I make my own anyway, BUT I do love to sample what's out there.


----------



## cnsper (Sep 20, 2012)

Get rid of that green yuppie color and you might get more takers.


----------



## Zombie (Jun 24, 2014)

Tell me what you like and we can get it


----------



## Zombie (Jun 24, 2014)

1095 steel


----------



## Zombie (Jun 24, 2014)

Magus said:


> What material are they made of and where?
> I make my own anyway, BUT I do love to sample what's out there.


beautiful blade!


----------



## Dakine (Sep 4, 2012)

cnsper said:


> Get rid of that green yuppie color and you might get more takers.


I think biohazard is usually yellow or yellow/black and somehow that day-glo green got adopted as the "official" zombie color.


----------



## FatTire (Mar 20, 2012)

SOG Aegis in digicam with black blade, no tanto, no half serated, kabar large heavy bowie, Spyderco tenatious in safety orange, abd possibly a drool worthy Benchmade auto... Id be interested in prices for all, but mostly the Sog Aegis...


----------



## HardCider (Dec 13, 2013)

Gransfors bruks Outdoor axe, Carpenter's axe, or Wildlife axe.
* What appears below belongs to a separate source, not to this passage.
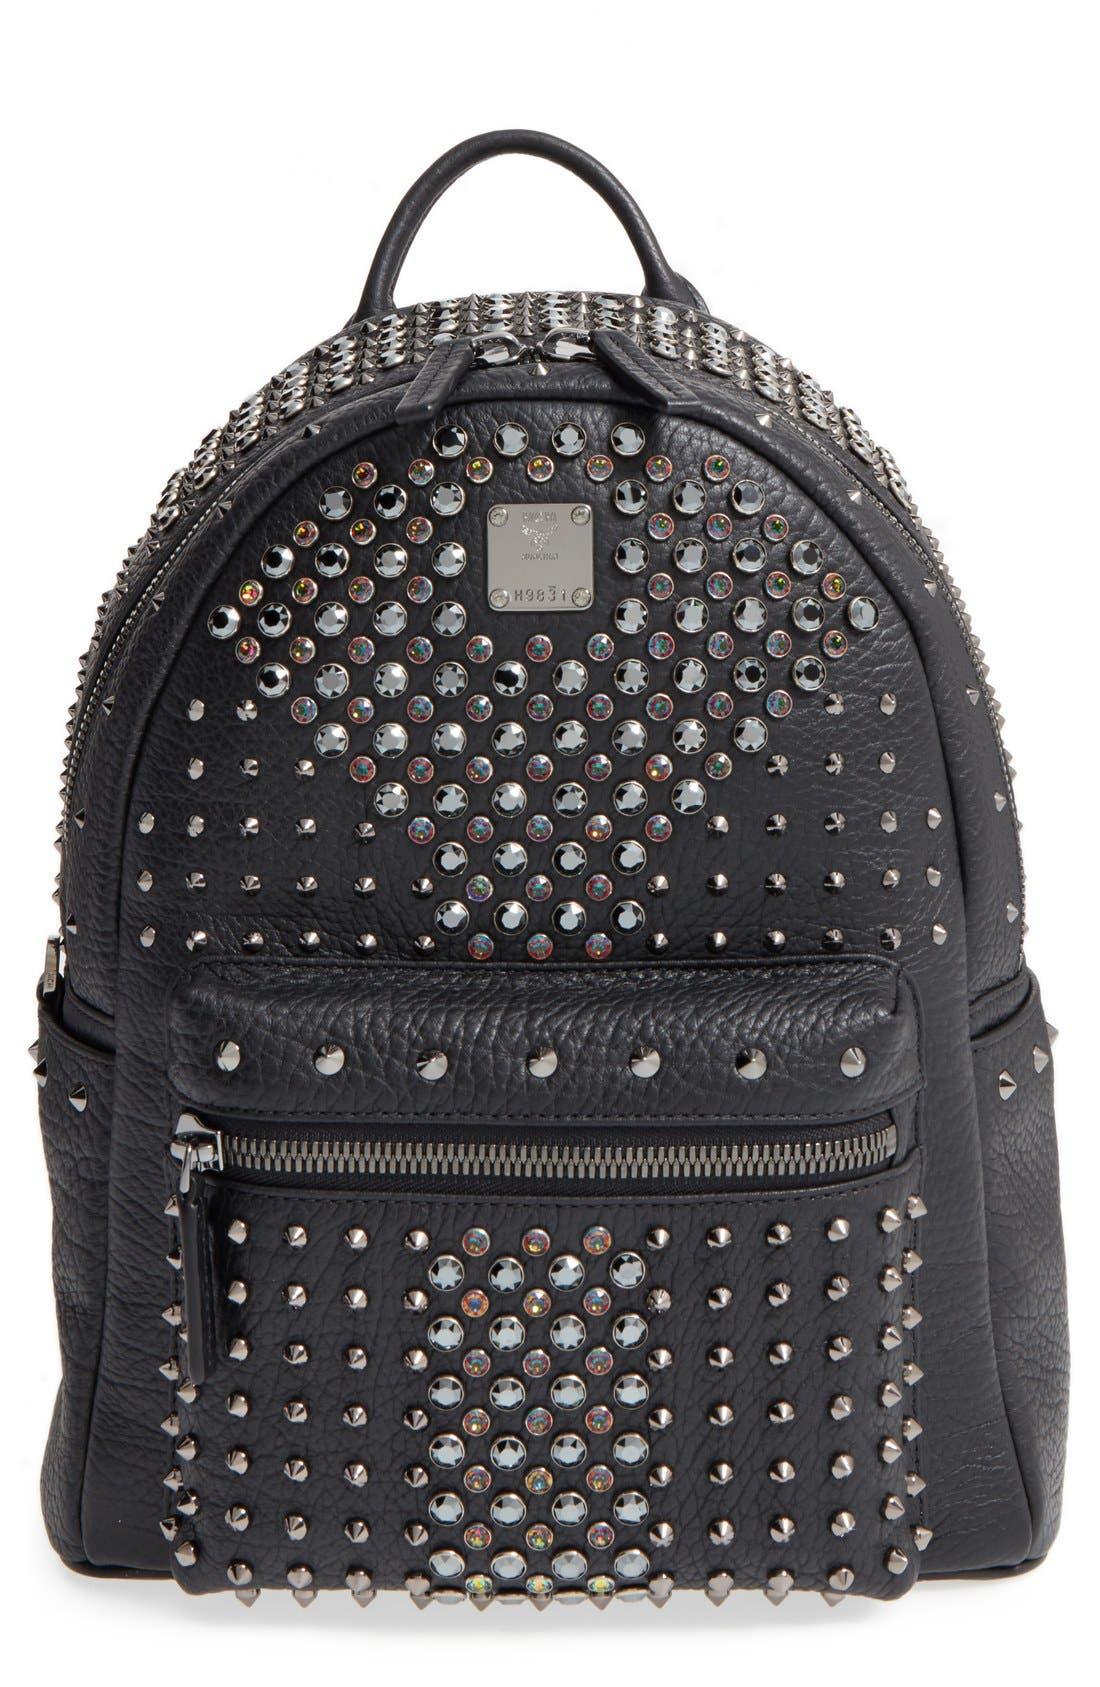 'Small Stark Special' Swarovski Crystal Embellished Leather Backpack, Main, color, 001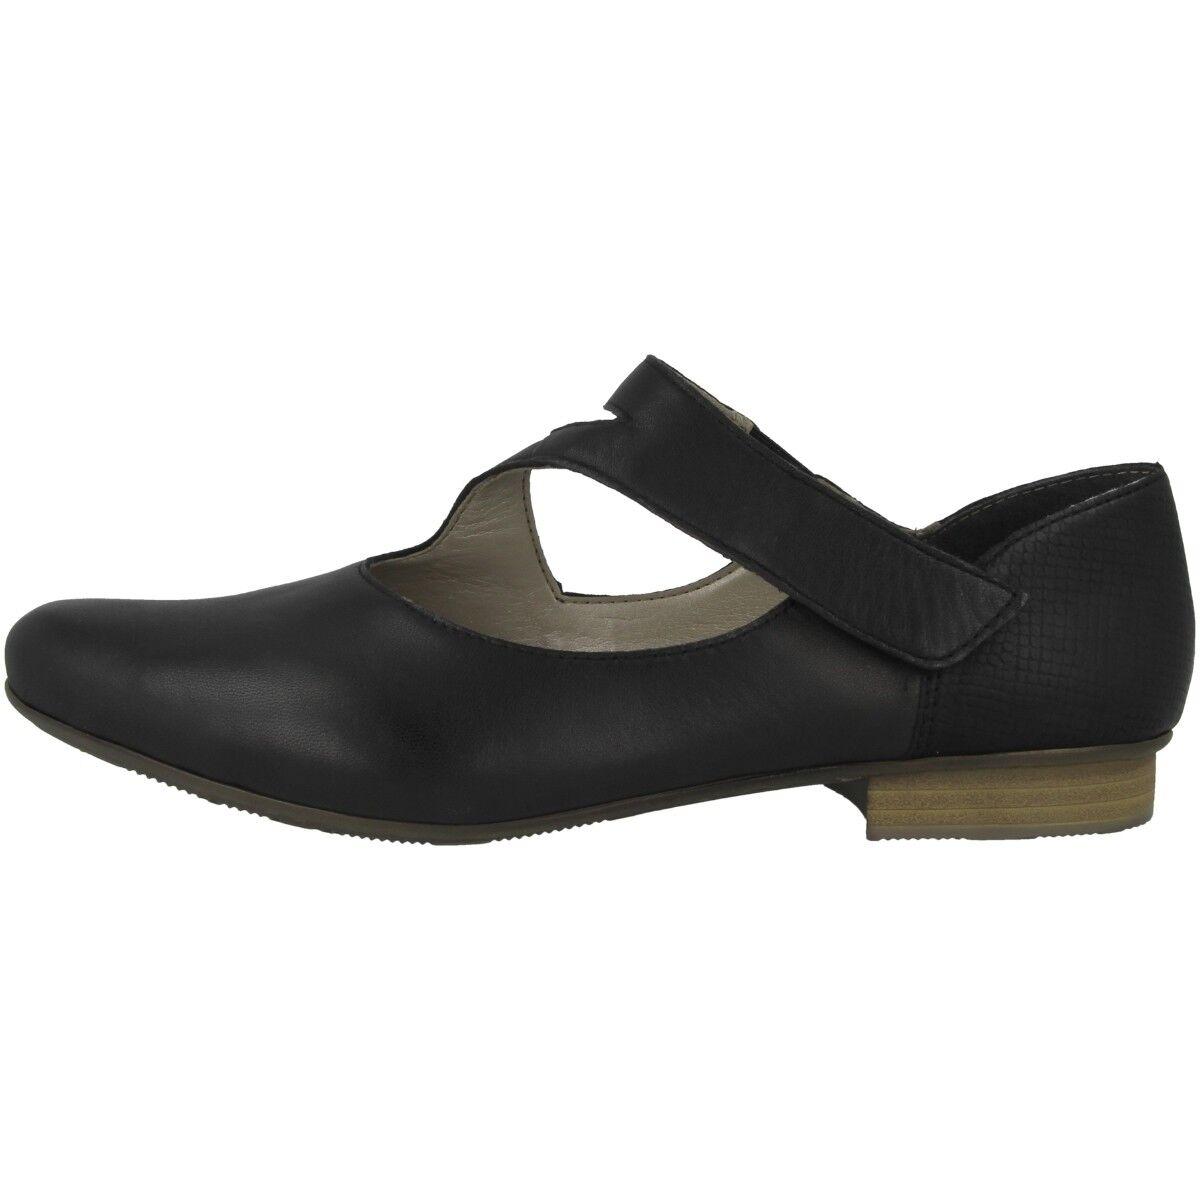 Rieker Lugano-Snake Schuhe Damen Ballerinas Halbschuhe Antistress schwarz 51993-00

Wood, leather and high quality steel. Kind of old school I quess but that's how I roll. You can keep the zombie this and that, dayglow green and plastic. No offense but usually stuff like that is meant to sell but not really use.


----------



## oldvet (Jun 29, 2010)

Zombie, in the survival knife area you might want to check out the Schrade SCHF9 and SCHF!0 knives and see what you can do with bulk order prices.

I purchased a SCHF9 ($45.00 at Academy) and am very pleased with it. It is a very rugged all around knife and the pouch attached to the sheath can be used to store some survival items.

Magus, that is a Zombie Eradicator of the first order. Beautiful work Bro.


----------



## rugster (Mar 2, 2014)

Famine Tanto? Death dagger? Petulance Chopper?  

I agree with others these are gimmicks not serious bush craft /survival tools 
I have no use for any of them.How about some legitimately useful bush craft knifes & decent quality campers Ax's


----------



## ContinualHarvest (Feb 19, 2012)

The green seems good for camping. Easy to find. These knives are full tang? Can you put up videos of them being used and abused? Chopping wood, breaking down firewood into kindling, skinning and cleaning game/fish?


----------



## Sentry18 (Aug 5, 2012)

I was just going to say that. Lime green may not be good for tactical special operator missions, but it makes it a whole lot harder to lose went out camping or hiking. Besides like anything else some Krylon, para cord, duct tape, leather, etc. do could change that in a hurry if you suddenly have to go on a super commando field operation. Plus I don't think zombies care what color the handle is.


----------



## Dakine (Sep 4, 2012)

Yeah, a lot of the EMS tools I was looking at when I was in EMT school were all day-glow lime green or lemon yellow. 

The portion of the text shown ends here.